*Exercise*
Omit all pictures. Quote only the lines from the one with "Maduro ordena a" through the end of the material below.

*Raw data*
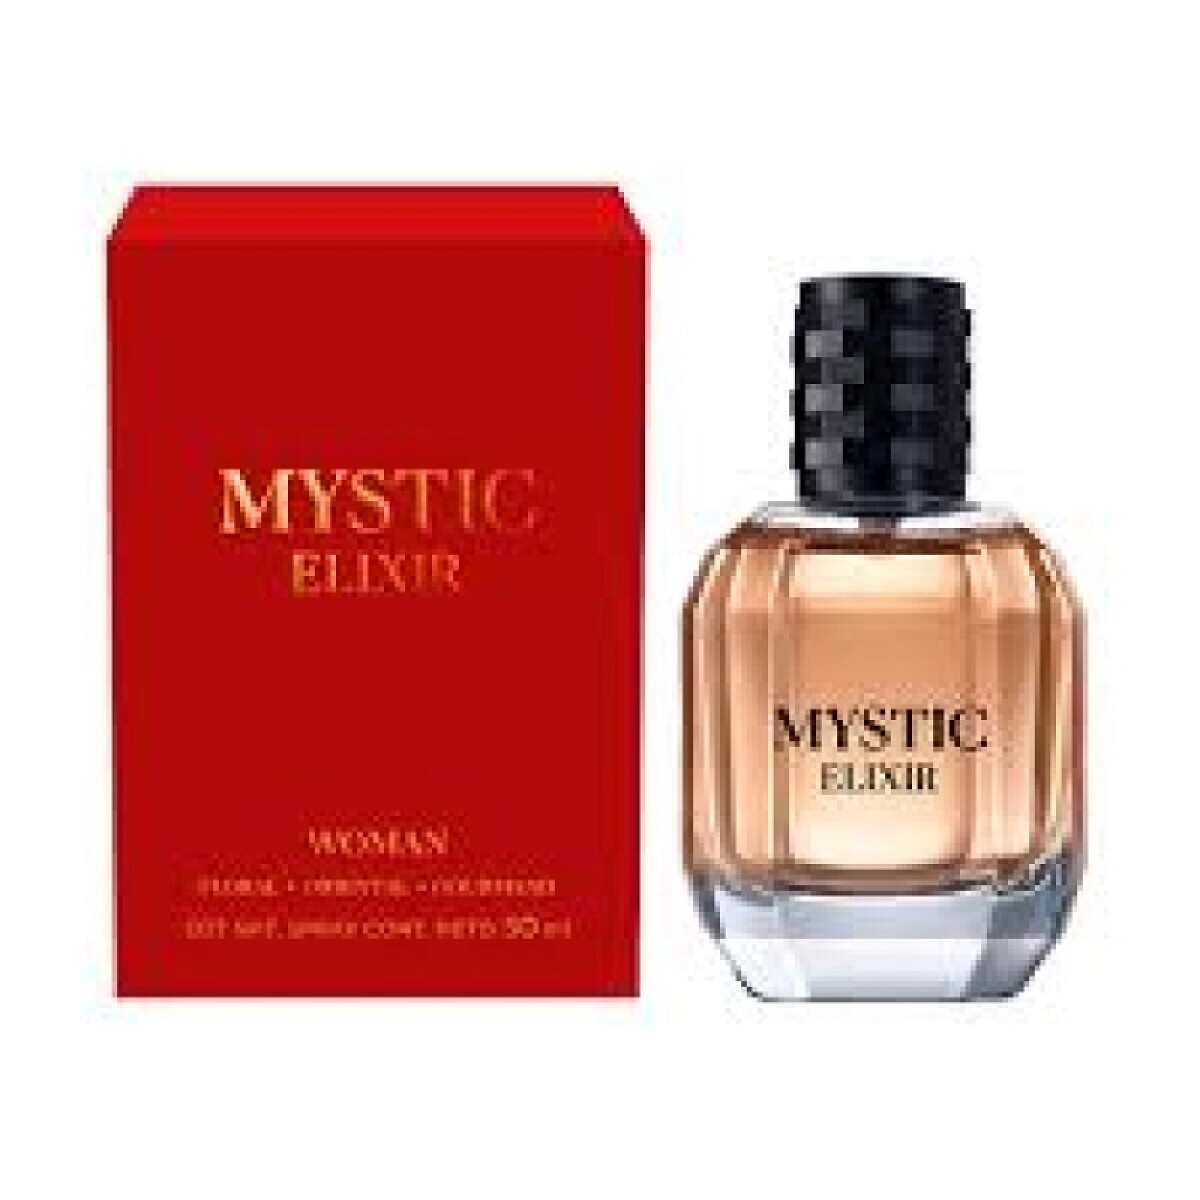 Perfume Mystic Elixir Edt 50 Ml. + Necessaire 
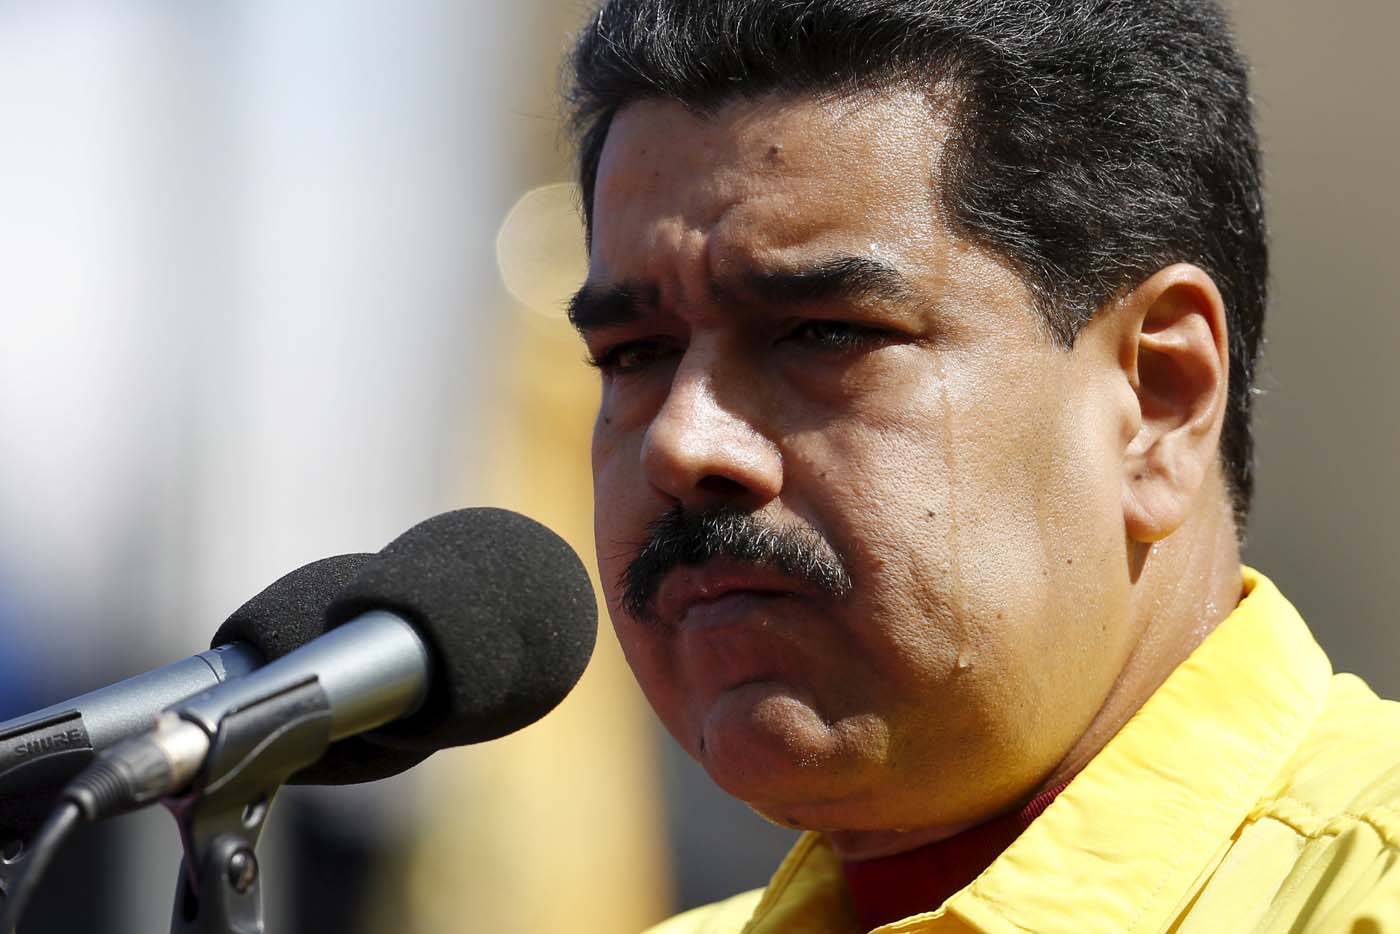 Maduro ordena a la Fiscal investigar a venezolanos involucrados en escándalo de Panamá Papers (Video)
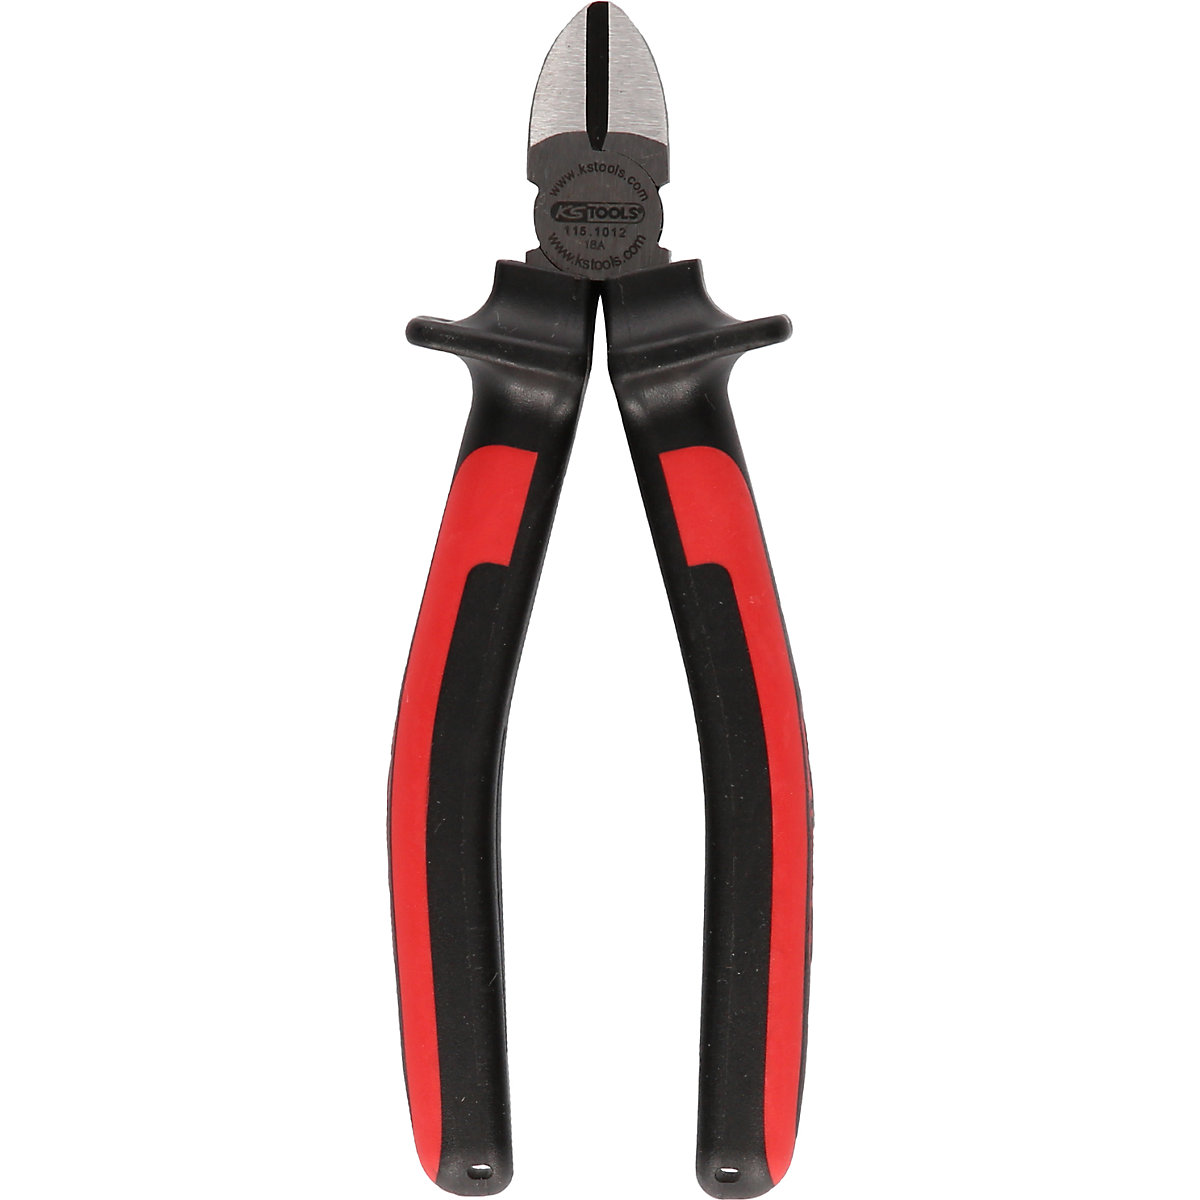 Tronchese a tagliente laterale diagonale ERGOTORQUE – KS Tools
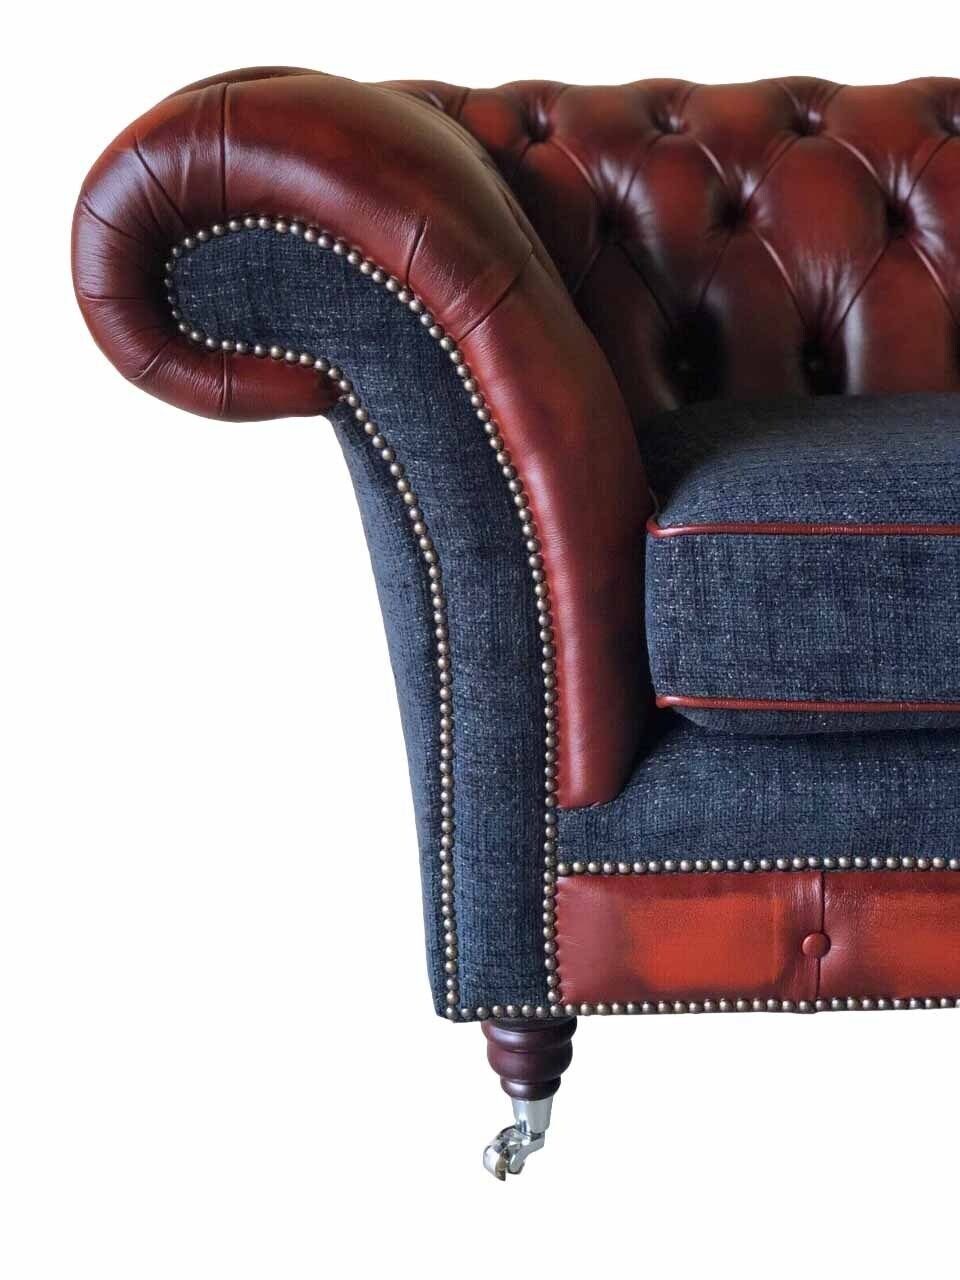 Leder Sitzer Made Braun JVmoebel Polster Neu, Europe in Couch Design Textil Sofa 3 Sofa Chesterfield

*Task answer*
 Maduro ordena a la Fiscal investigar a venezolanos involucrados en escándalo de Panamá Papers (Video)
 Tronchese a tagliente laterale diagonale ERGOTORQUE – KS Tools
 Leder Sitzer Made Braun JVmoebel Polster Neu, Europe in Couch Design Textil Sofa 3 Sofa Chesterfield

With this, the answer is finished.